Being a gay Black woman musician in the mainstream also meant dealing with the pressure of embodying a certain aesthetic over the years. Syd’s signature style has always consisted of dressing her slim figure in oversized clothing and rocking a miniature mohawk (she’s now grown her hair into a small afro). She acknowledges how in the past she did succumb to industry expectations of how she should look, but now fully embraces her true persona.
“It was never [from] my label. It was never [from] people on my team. It was always people that didn’t know me–especially in the beginning. I would go to a shoot, there’d be a stylist there with a rack full of clothes.

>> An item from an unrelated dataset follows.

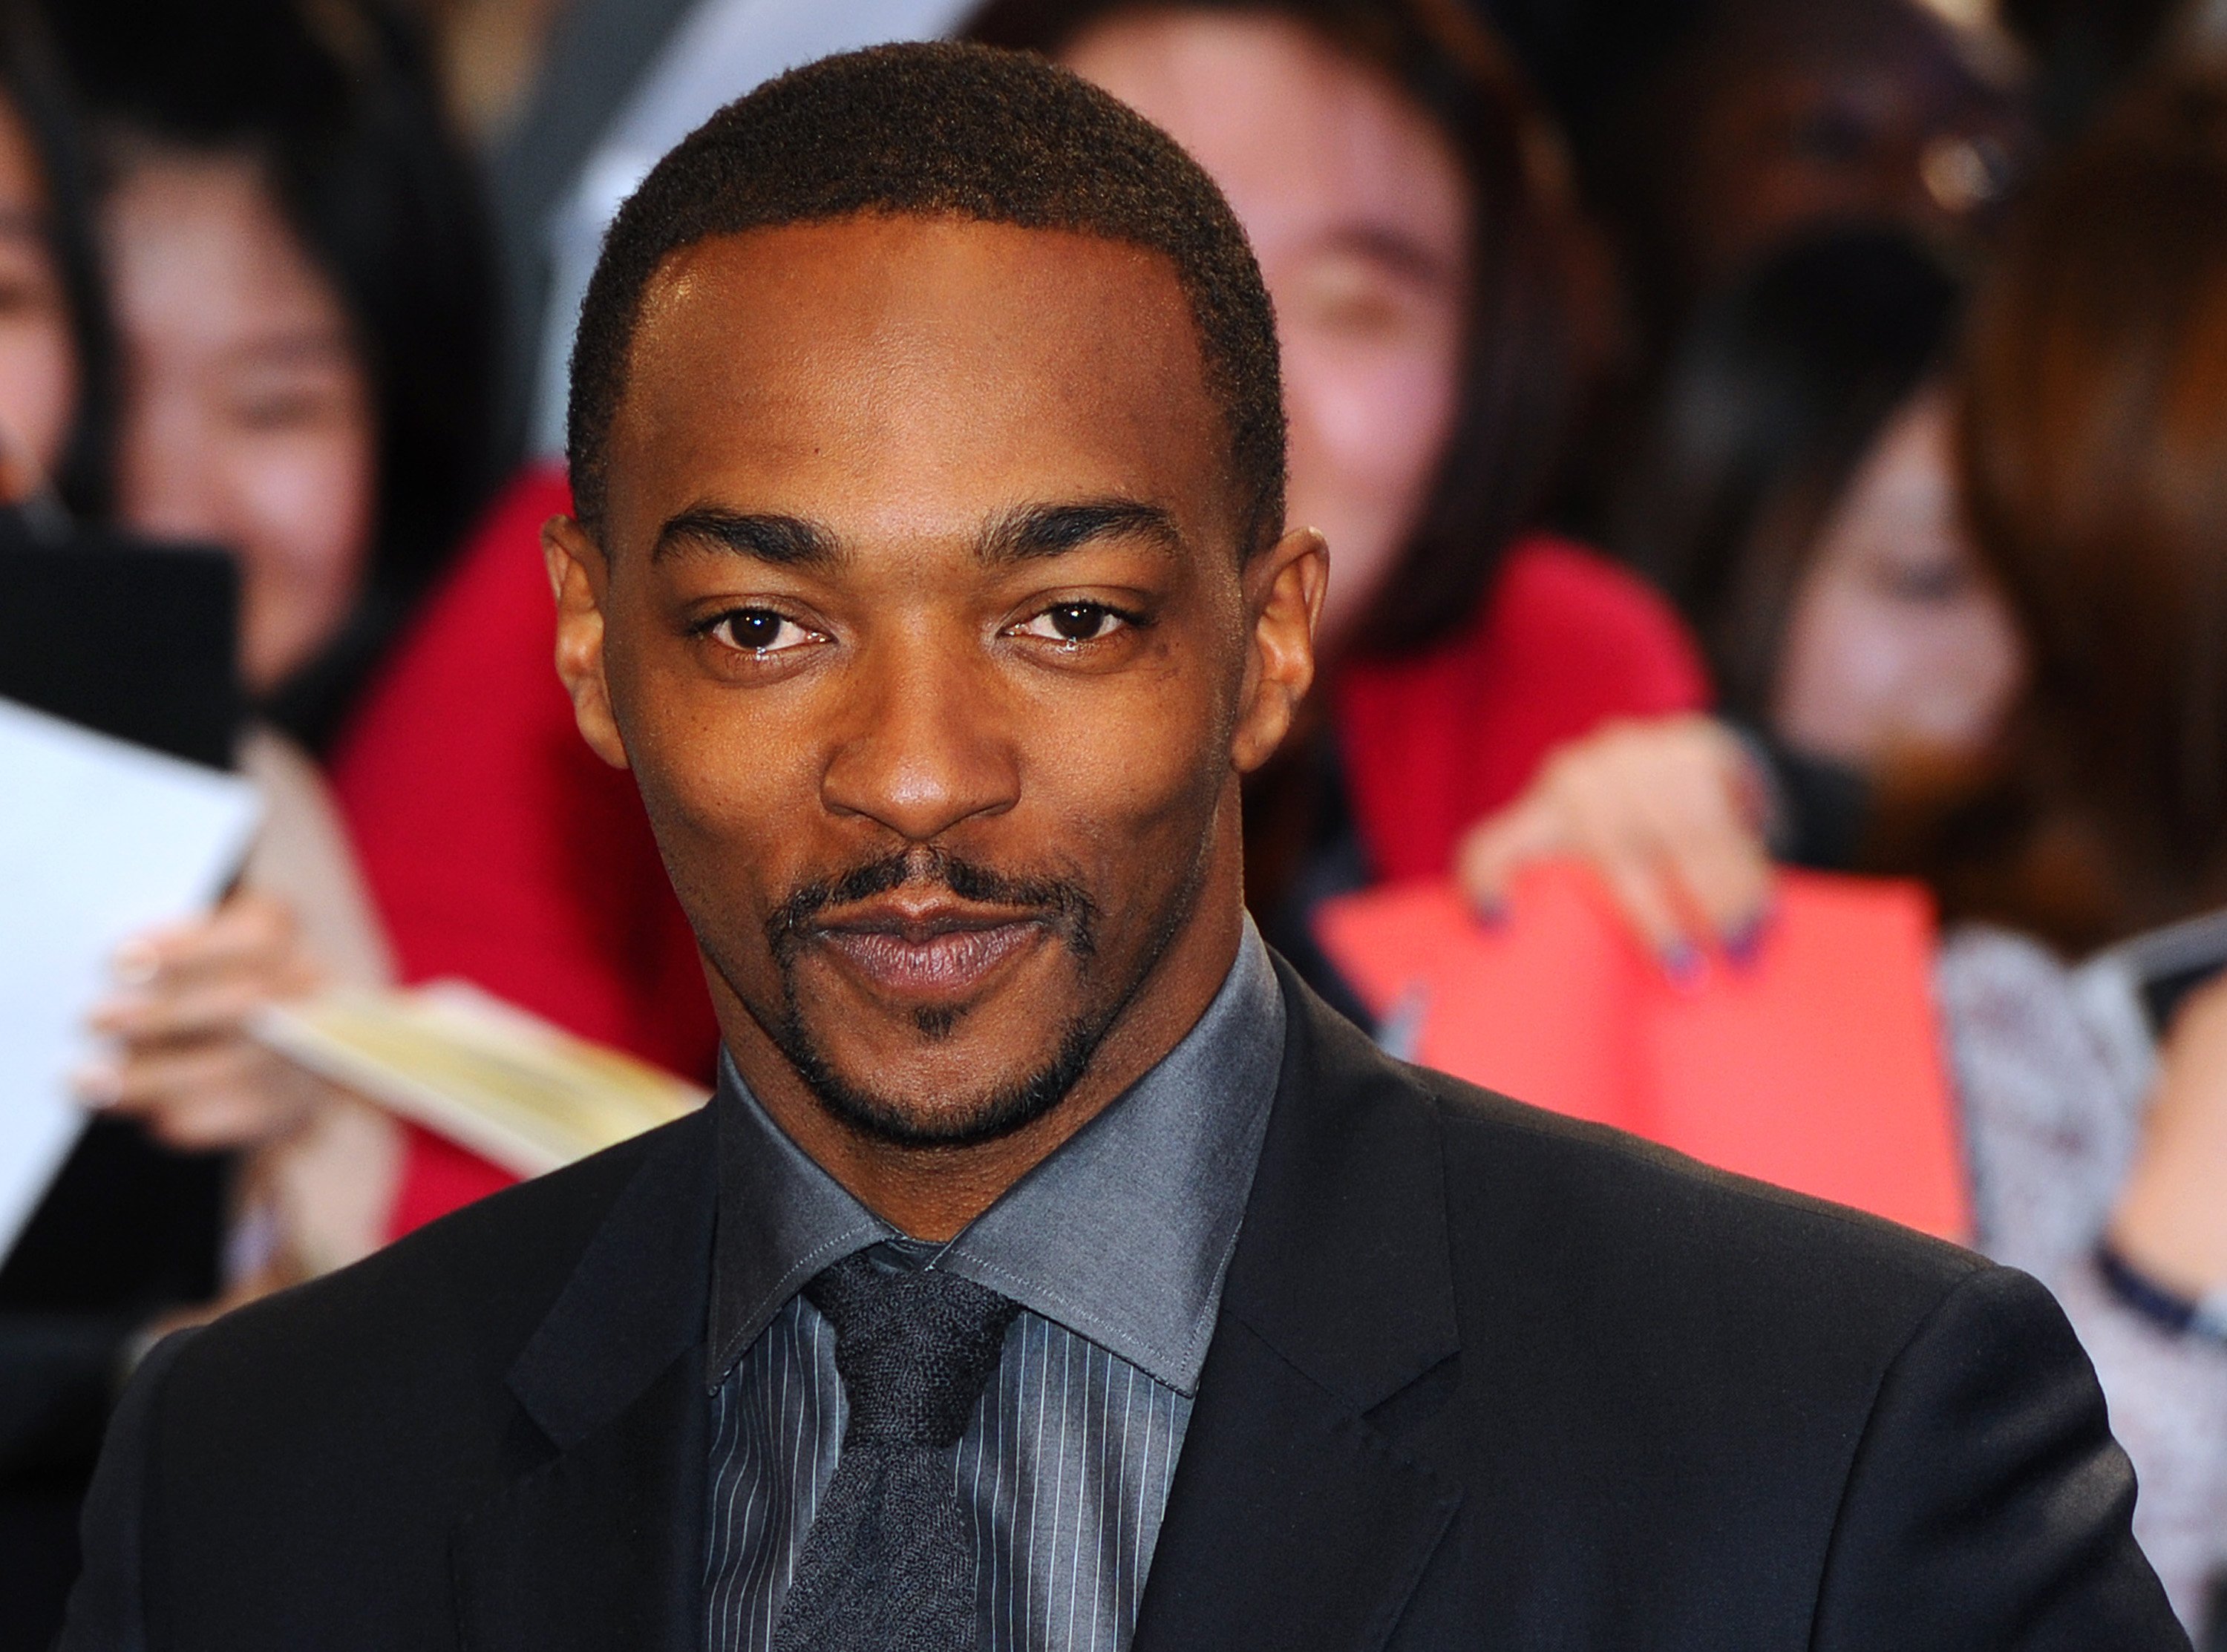 Anthony Mackie at the "Captain America: The Winter Soldier" premiere at Westfield London on March 20, 2014 in London, England. | Source: Getty Images

And it was nothing I would ever wear…like not even an elevated version of me type of vibe. It was what they thought I should look like. And I fell for the okie doke quite a few times in the beginning. I was like well I am the one new to this. Let me not be a stubborn Taurus as they like to call me. Let me try out some of these people’s ideas.

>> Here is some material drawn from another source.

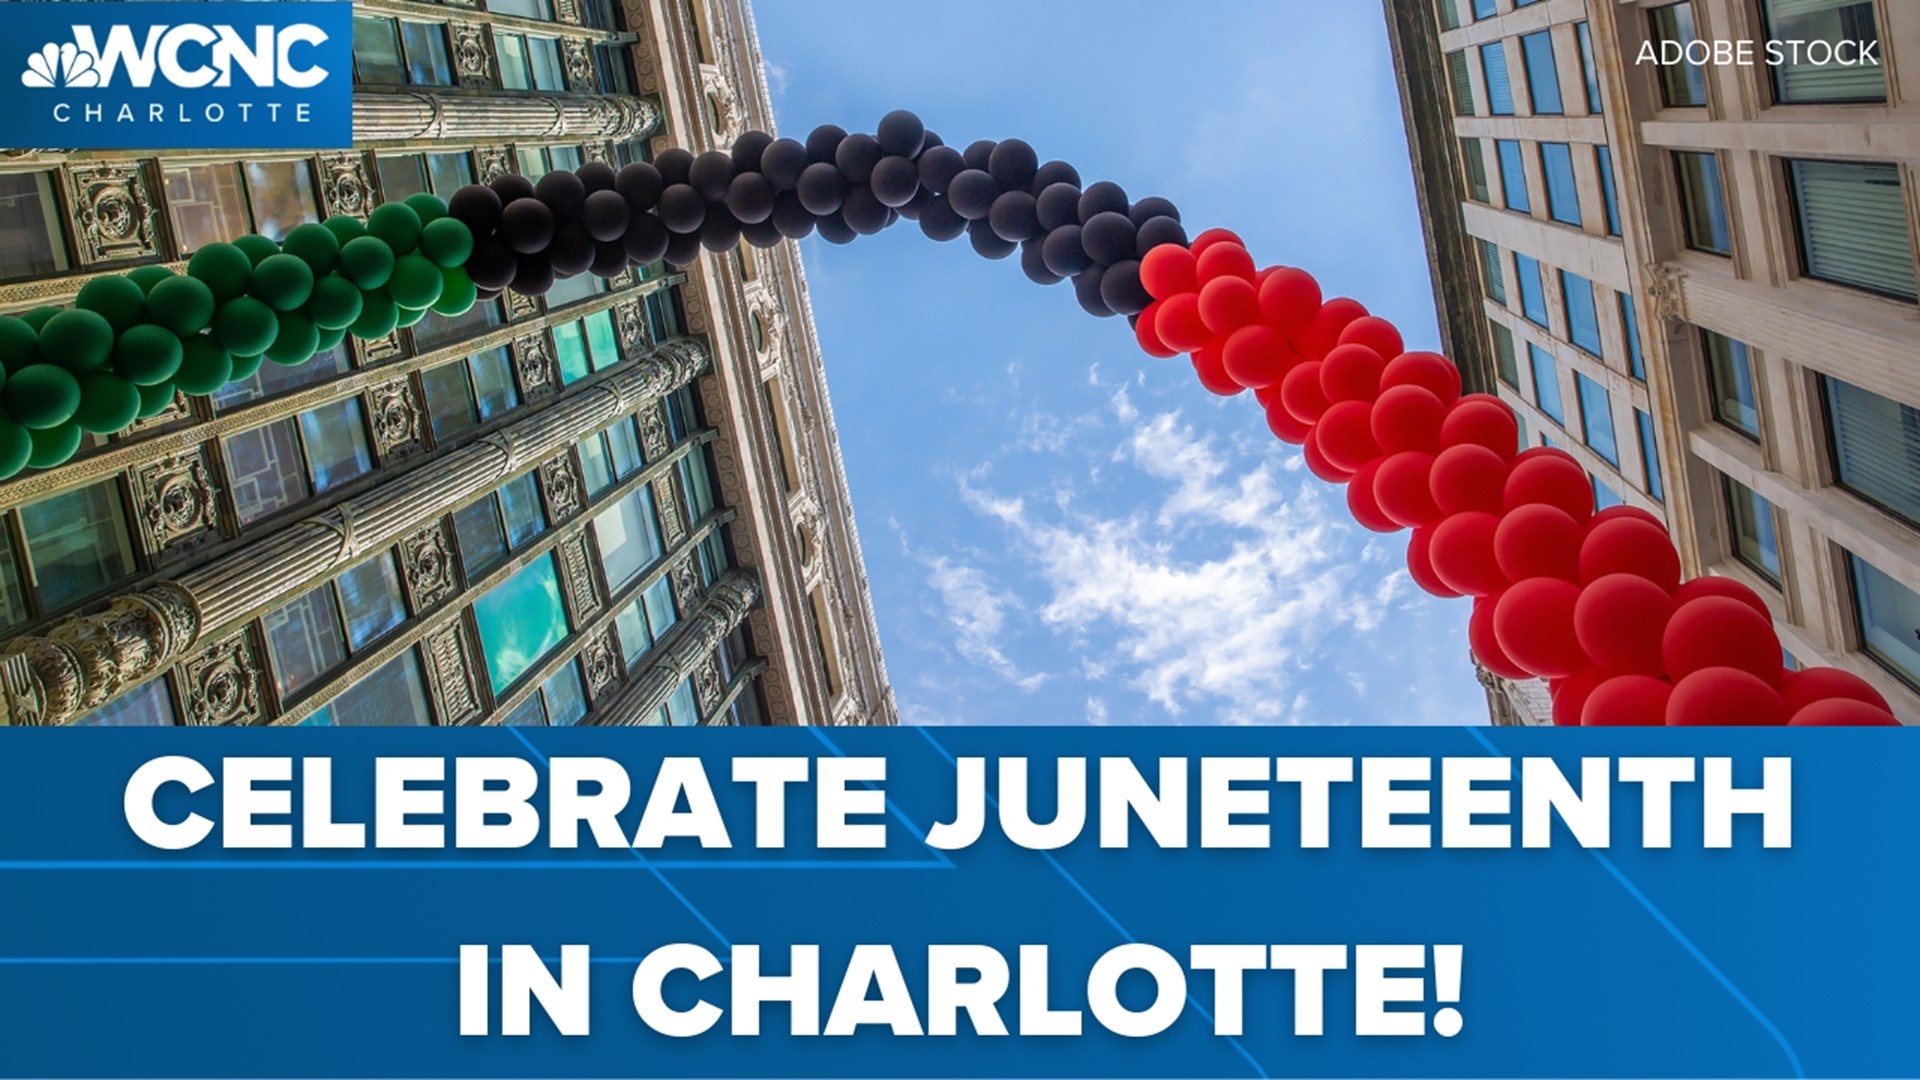 There are plenty of opportunities to celebrate Juneteenth in and around the Charlotte area this weekend.

But I learned my lesson. I realized that I’m the one who has to live with these videos. You can hide this from your resume and I can’t. Now, I make sure that I am wearing something or looking a certain way that makes me feel my most confident. I feel like you’ll see it more on this album and with the videos and the press. I’m definitely dressing more like me these days. Pre Ego Death [The Internet’s third studio album], people were really trying me and I got got a couple of times. There’s definitely some looks out there on people’s mood boards and I’m like you don’t even know… that was not me.”
As she gears up for the Broken Hearts Club tour, Syd is excited to show off more of this blooming self-assurance. “It’s gonna be a vibe. I’m gonna be doing a few Internet songs as well as a few songs from each of my projects. What I hope to give y’all is progress and growth in my vocal abilities.” Throughout the last decade, the singer’s sultry yet angelic croon has inspired countless other R&B acts to follow suit. It was a trait she once shied away from but has wholeheartedly accepted. “I used to see [my voice] as a weakness, but it ultimately became a strength for me. The fact is that I can’t do what other singers do but honestly–a lot of them could never do what I do.”